KUSCCO proposed that ITA to be amended and include a section that provides the basis of apportionment of expenses. This will provide clarity on apportionment of expenses and reduce unnecessary controversies.

KUSCCO said that Cooperative society section 19 A gives the commissioner absolute powers in deciding how a Co-operative should be taxed. This creates room for uncertainty negating the core principles of taxation (Canons of taxation).

They proposed that section 19A be amended to read. This section shall apply to designated co-operative societies other than a society which has been exempted from all the provisions of the Co-operatives Societies. This will ensure that Commissioner’s discretion powers are within the provisions of the ITA and Fair Administrative Action Act.

The change in definition to read other fee in the finance bill proposal will mean that financial institutions including SACCOs are expected to charge excise duty on all fees, charges or commissions which are not deemed to be interest. The proposal will inevitably lead to imposition of excise duty on incomes that are not related to licensed activities such as rent charge, income on sale goods (marketing merchandise, photocopying services, and tender fees among others). The expansions of the scope of other fees is likely to impact on financial inclusion & innovation which is counterproductive to the economy

KUSCCO proposal is that deleting of clause 43(c)(ii) of the Finance Bill,2023 to retain the definition as it is currently, where excise duty is only charged on other fees relating to licensed activities. This will enhance financial inclusion and innovation through access to affordable (cheap) financial services

KUSCCO has proposed that clause 36 of the Finance BilI, 2023 be deleted to ensure taxpayer’s access to justice and just resolution of tax disputes. Enhance fairness in tax administration. To avoid an unfair administrative burden on taxpayers. Increase investors’ confidence level In the Country.

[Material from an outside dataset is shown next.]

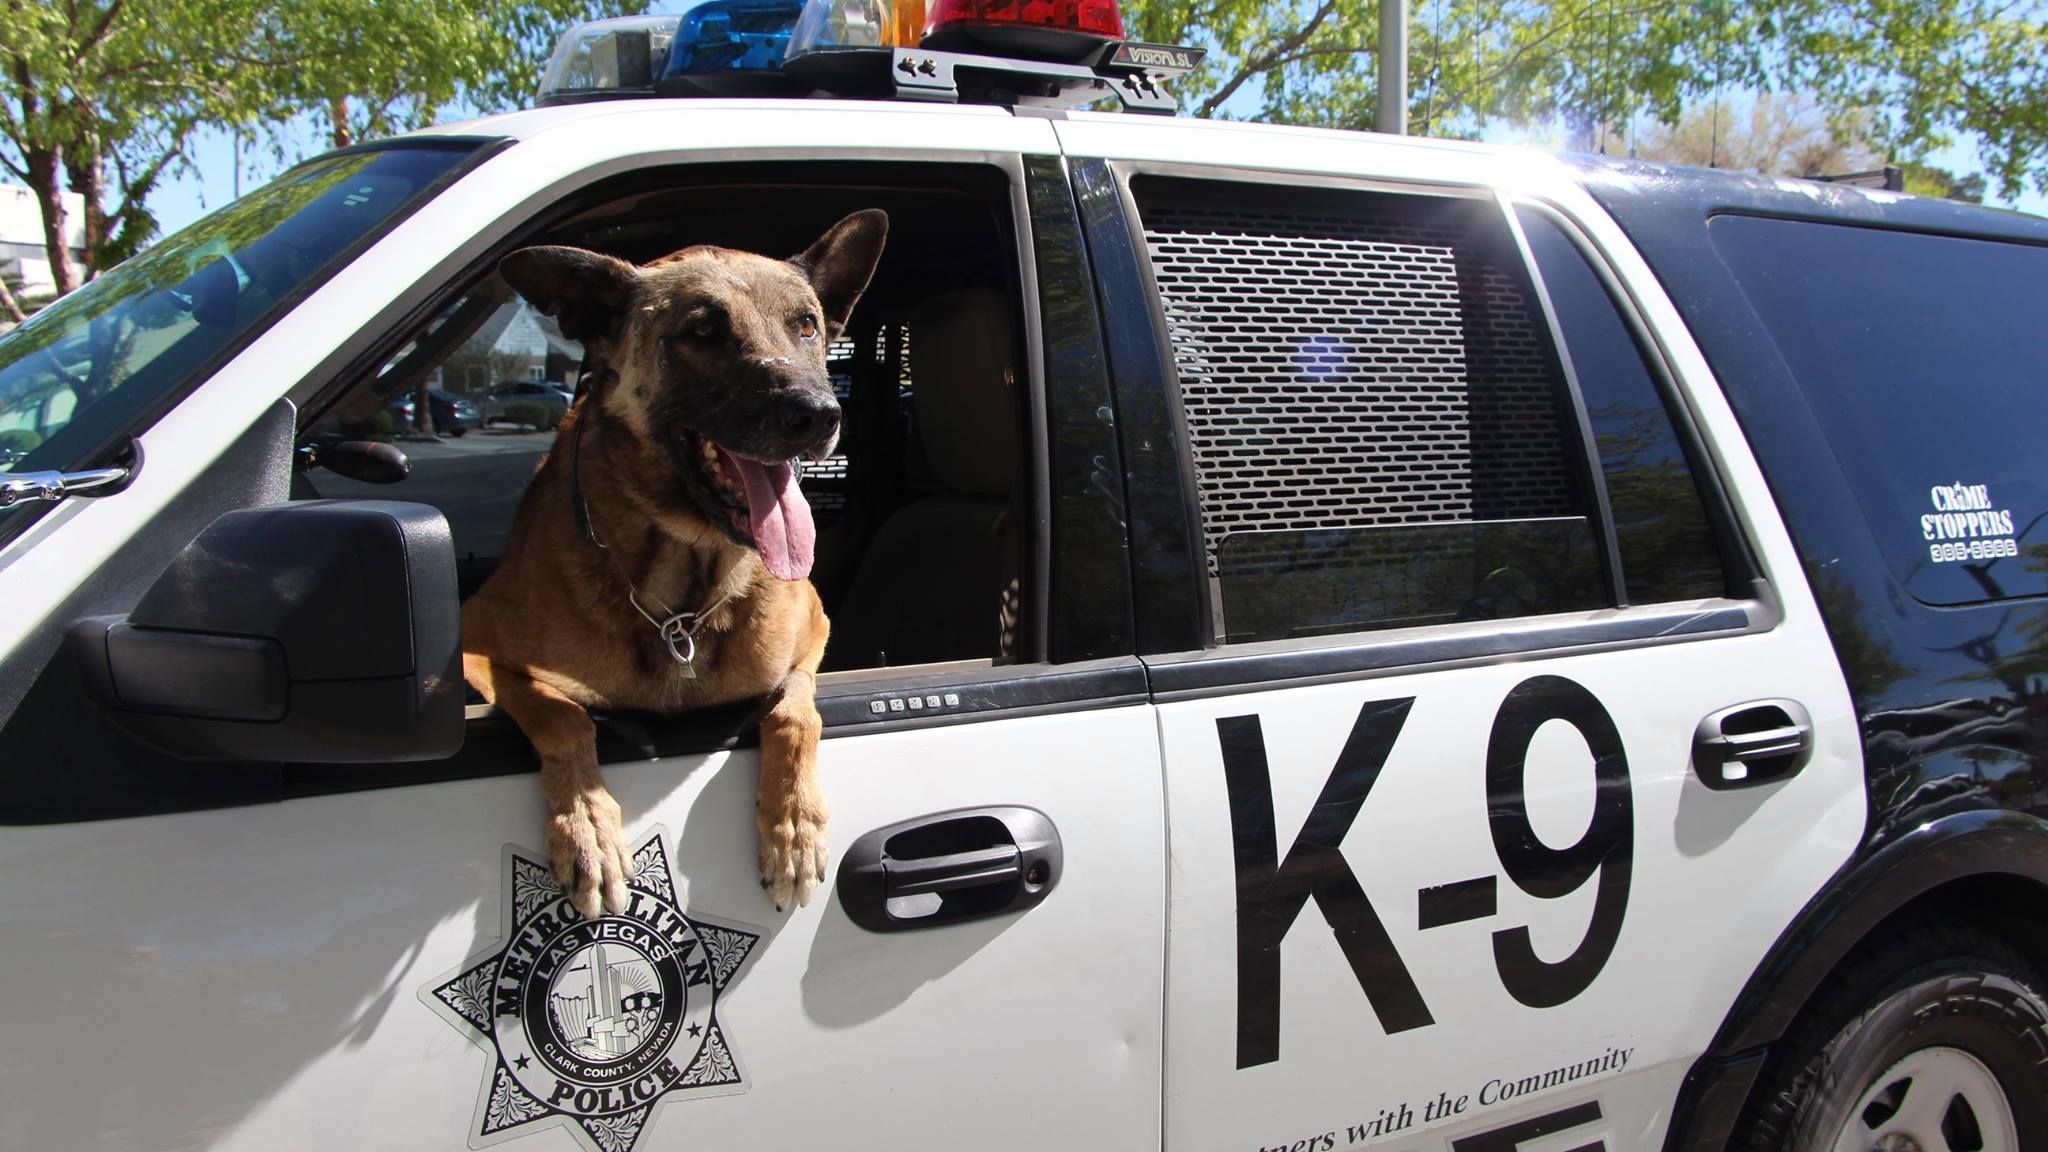 K9 nicky with las vegas metro police department was killed

KUSCCO however noted that a taxpayer will now be required to account for VAT on compensation for loss of taxable supplies. This proposal goes against the principle of indemnity whose main motive is to the insured in the same position financially as they were before the loss. The compensation does not relate to any value addition by the insurance and in most instances the compensation is always lower than the claim submitted by the insured because the insurer will thoroughly inspect and calculate the losses based on other factors.

In addition, the compensation is not a consideration for a supply and therefore this should not be deemed to be a taxable value for VAT purposes.

KUSCCO is of the opinion that the proposal should be deleted so as to preserve the principle of insurance compensation.